= Prostitution in Benin =

Prostitution in Benin is legal but related activities such as brothel keeping and benefiting from the prostitution of others are illegal. UNAIDS estimates there to be about 15,000 prostitutes in the country. Most of these are migrants from neighbouring countries, mainly Nigeria, Togo and Ghana. Only 15% of the prostitutes are Beninese. Prostitution occurs on the streets, in bars, restaurants, hotels and brothels. With advent of the smartphone, many prostitutes use apps to make arrangements with clients.

Many women enter prostitution for economic reasons. Some young Beninese women learn English so they can go to Nigeria to work as prostitutes as Nigeria has a thriving sex industry.

In rural areas widows will discreetly turn to prostitution to support her family. This is a cultural and social tradition that is not regarded as prostitution by the community, but is regarded as a method of preserving the family name. Any children born from these liaisons take the dead husband's name. It's not uncommon for a widow to have five children after her husband has died.

HIV, sex trafficking and child sex tourism are problems in the country.

==Sexual health==

As with other sub-Saharan African countries, HIV is a problem. Sex workers are amongst the high risk groups. Clients are often soldiers and truck drivers. Because of their travelling, if they become infected, potentially they spread the infection over a wide area.

In 1992, a prevention project, supported by the Canadian International Development Agency (CIDA) was implemented among sex workers in the largest city, Cotonou. This saw condom use increase and HIV amongst sex workers fall from 53.3% in 1993 to 30.4% in 2008. The prevalence of other STIs also fell significantly in the same period: gonorrhoea 43.2 to 6.4% and chlamydia 9.4 to 2.8%.

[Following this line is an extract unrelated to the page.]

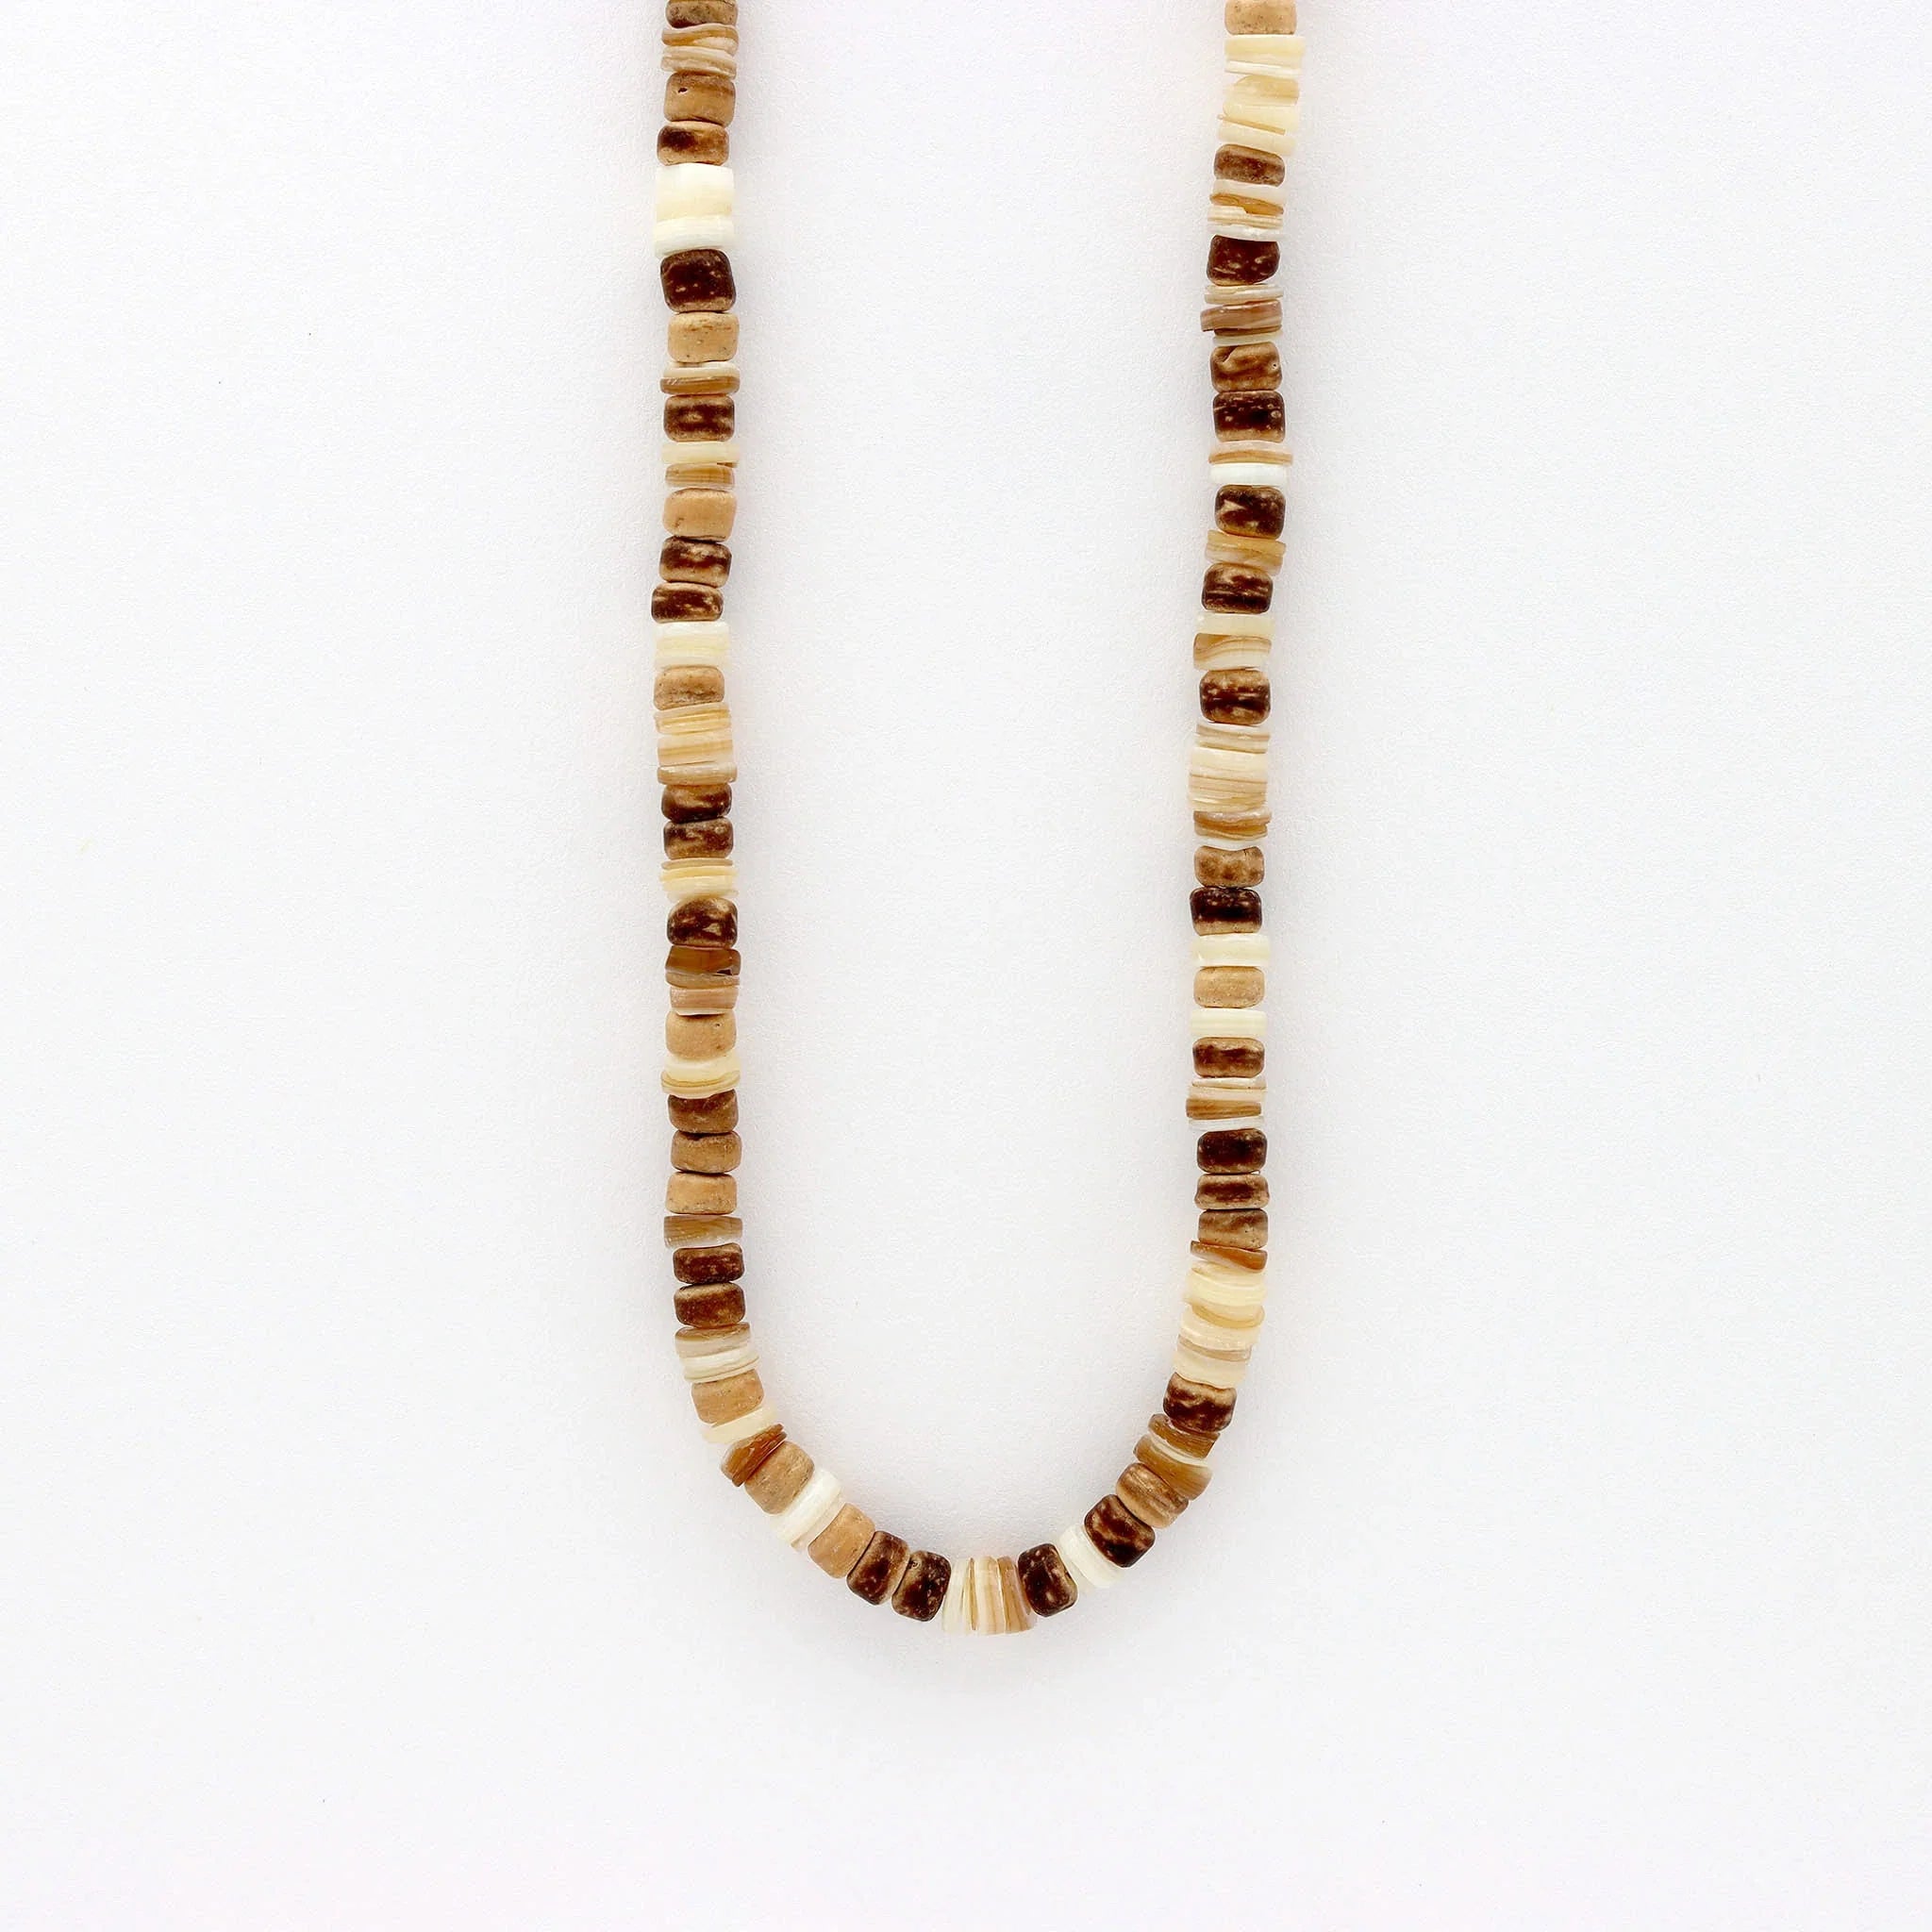 Nusa Lembongan Wood Bead Necklace - Pineapple Island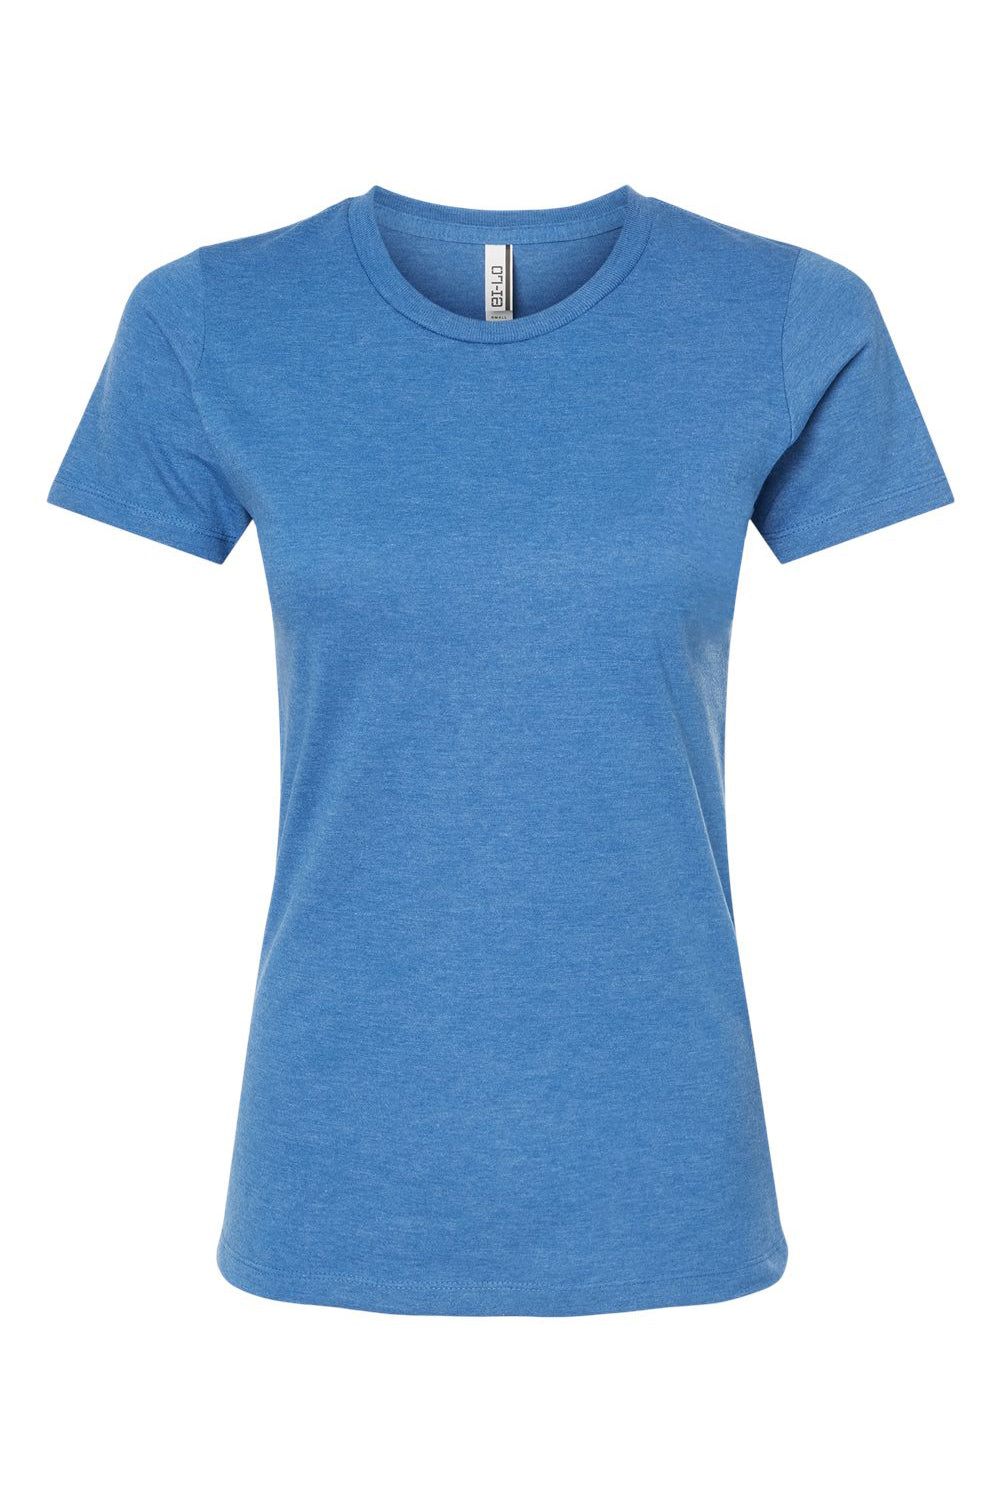 Tultex 542 Womens Premium Short Sleeve Crewneck T-Shirt Heather Royal Blue Flat Front

The NGO, Centre d'Etudes, de Recherches et d'Interventions pour le Développement (CERID), provides sex workers with free medical treatment and counselling. UNAIDS reported in 2016 that the HIV prevalence amongst sex workers in the country was 15.7%.

==Sex trafficking==

Benin is a source, transit, and destination country for women, children subjected to sex trafficking. Most identified victims are Beninese girls subjected to sex trafficking in Cotonou and across Benin's southern corridor. Togolese girls are exploited in commercial sex in Benin. Cases of child sex tourism involving both boys and girls along the coast and within the department of Mono have been reported in previous years. A 2016 survey conducted in the cities of Cotonou in southern Benin and Malanville in northern Benin indicated that girls are subjected to sexual exploitation, including potential sex trafficking, in these two cities. The department of Oueme in southeast Benin was reportedly a primary area of recruitment for child trafficking victims subsequently exploited in the Republic of the Congo. Most child victims intercepted in Benin, either from Benin or other West African countries, are exploited or en route to exploitation within the country. Benin is the largest source country for trafficking victims in the Republic of the Congo; Beninese victims are also subjected to trafficking in Nigeria, Gabon, and Lebanon. West African women are exploited in commercial sex in Benin. Young Beninese women are recruited from Benin by unlicensed Beninese and Lebanese recruiters for domestic work in Lebanon and Kuwait; reportedly, some are forced into commercial sex. OCPM reports that traffickers no longer travel with child victims being moved internally or to nearby countries. Victims now travel alone and are met by traffickers or their accomplices once they reach their destination. This tactic makes investigations more difficult.

Existing laws do not prohibit all forms of trafficking. The 2006 Act Relating to the Transportation of Minors and the Suppression of Child Trafficking (act 2006–04) criminalizes child trafficking but focuses on movement of children rather than their ultimate exploitation and prescribes penalties of six months to two years imprisonment or fines if children are moved for the purpose of labor exploitation; these penalties are not sufficiently stringent. The penal code outlaws procuring or offering a person for prostitution and the facilitation of prostitution with punishments of six months to two years imprisonment. None of these punishments are sufficiently stringent or commensurate with punishments prescribed for other serious crimes. Comprehensive anti-trafficking legislation that would criminalize all forms of trafficking, including the trafficking of adults, has been pending MOJ review since September 2012.

The United States Department of State Office to Monitor and Combat Trafficking in Persons ranks Benin as a 'Tier 2' country.